The Lyme Disease Network
Medical / Scientific Abstract
|Title:||Expression, characterization, and crystallization of the pyrophosphate-dependent phosphofructo-1-kinase of Borrelia burgdorferi.|
|Authors:||Deng Z, Roberts D, Wang X, Kemp RG|
|Source:||Arch Biochem Biophys 1999 Nov 15;371(2):326-31|
|Organization:||Department of Microbiology and Immunology, Chicago Medical School, North Chicago, Illinois 60064, USA.|
The two genes for the putative pyrophosphate-dependent phosphofructokinases (PPi-PFKs) of Borrelia burgdorferi were cloned by PCR and expressed in Escherichia coli, and their protein products were purified to near homogeneity. The larger of the two gene products, a 62-kDa protein, is an active PPi-PFK and exists in solution as a dimer.

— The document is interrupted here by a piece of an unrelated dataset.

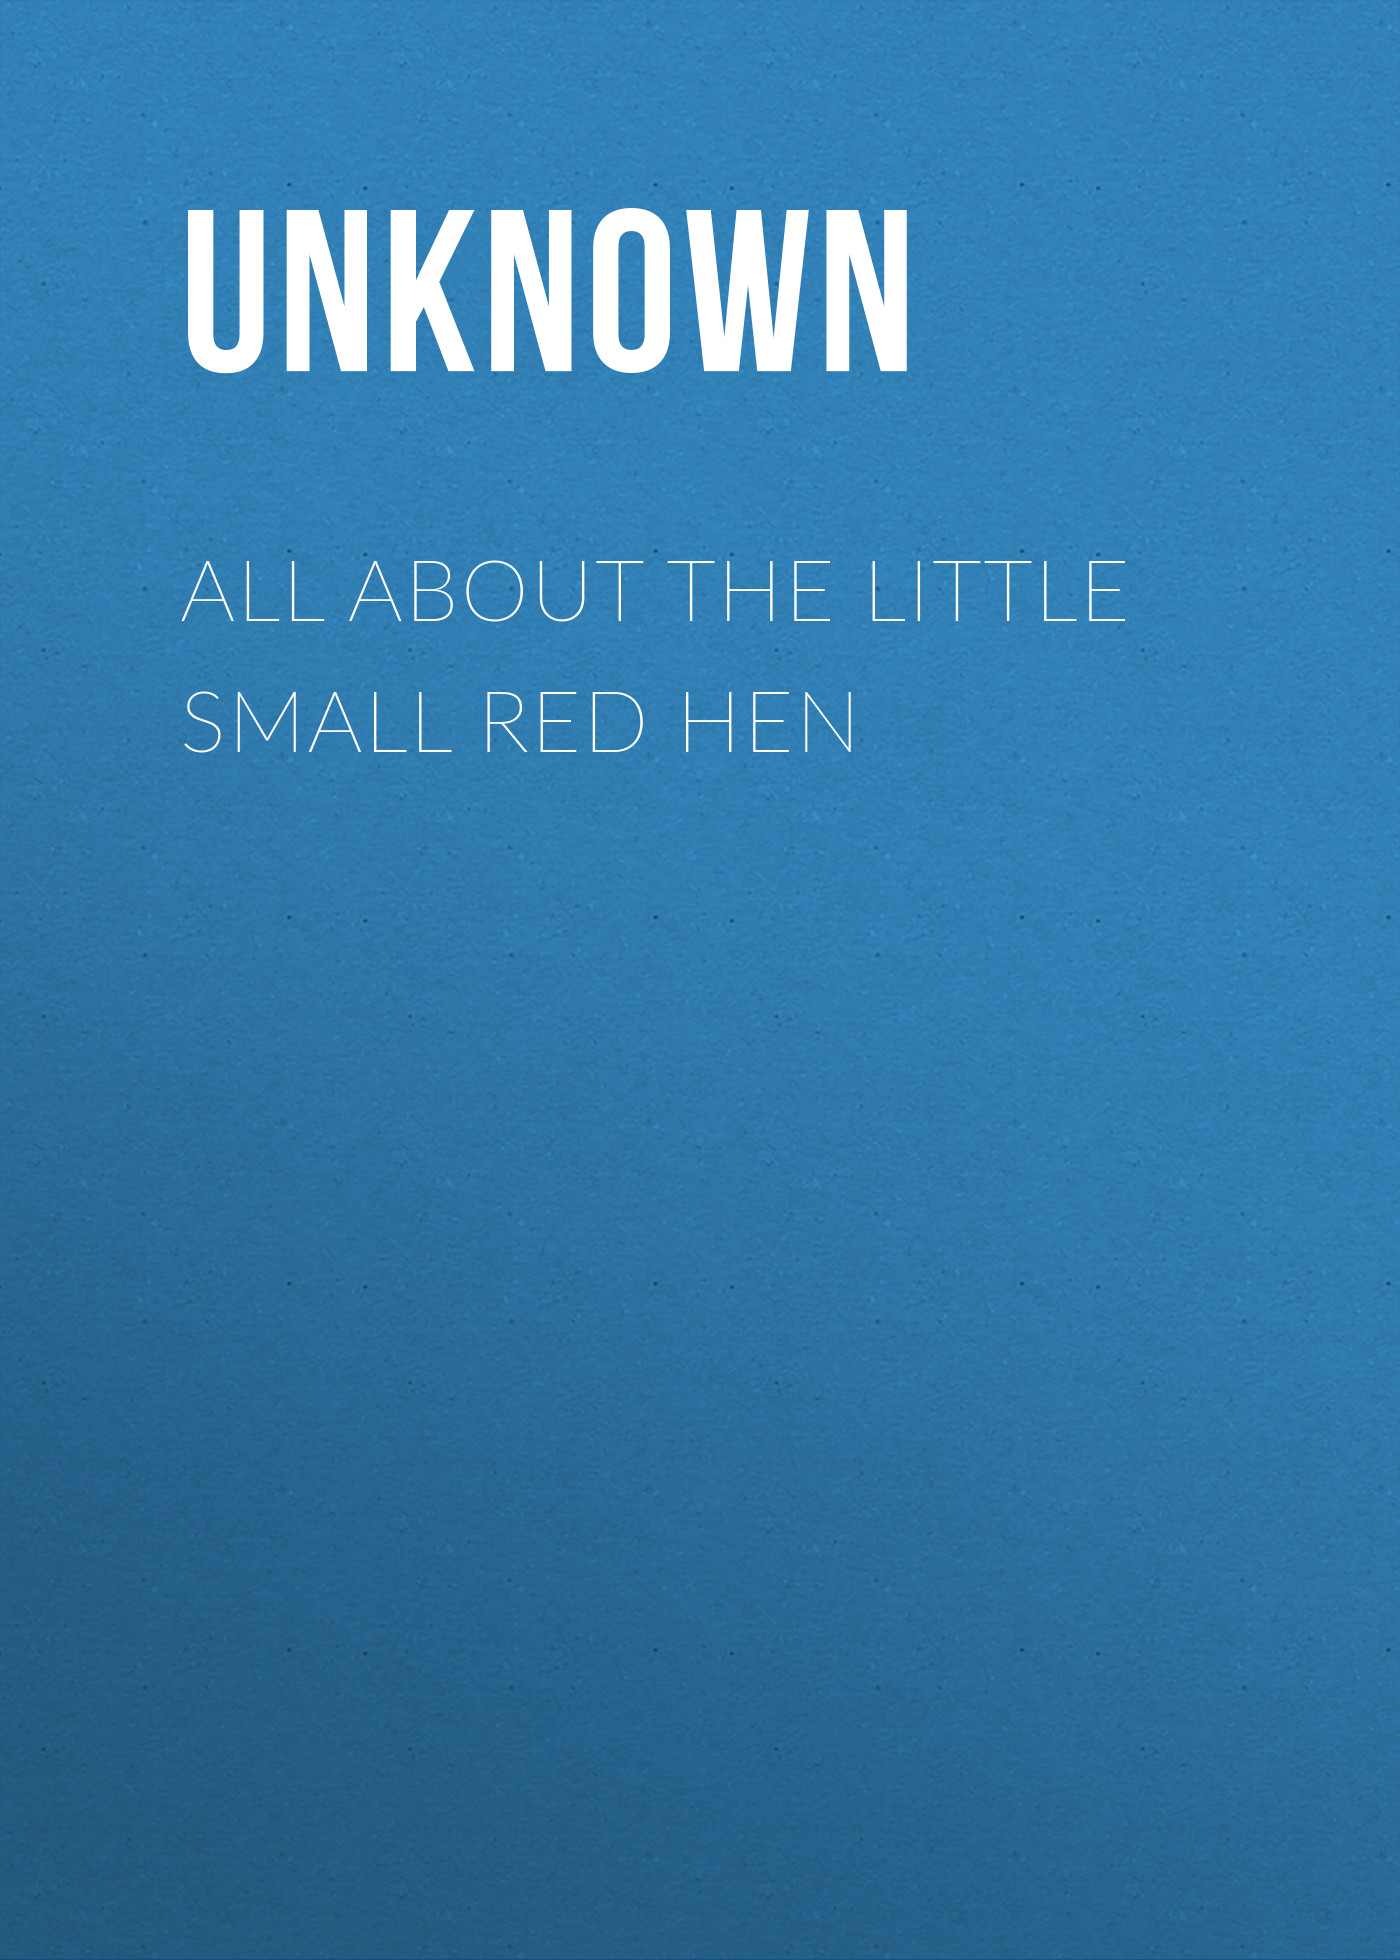 Книга All About the Little Small Red Hen из серии , созданная Unknown Unknown, может относится к жанру Зарубежные детские книги, Зарубежная старинная литература, Зарубежная классика. Стоимость электронной книги All About the Little Small Red Hen с идентификатором 35489295 составляет 0 руб.

It has apparent K(m) values for fructose 6-P and PPi of 109 and 15 microM, respectively, and a pH optimum of 6.4 to 7.2. The 62-kDa protein was crystallized and subjected to preliminary diffraction analysis. The smaller gene product, a 48-kDa protein, exists in solution as a higher polymer and shows no ATP- or PPi-dependent activity, despite having a secondary structure as estimated by circular dichroism that is not significantly different from that of other PFKs. Copyright 1999 Academic Press.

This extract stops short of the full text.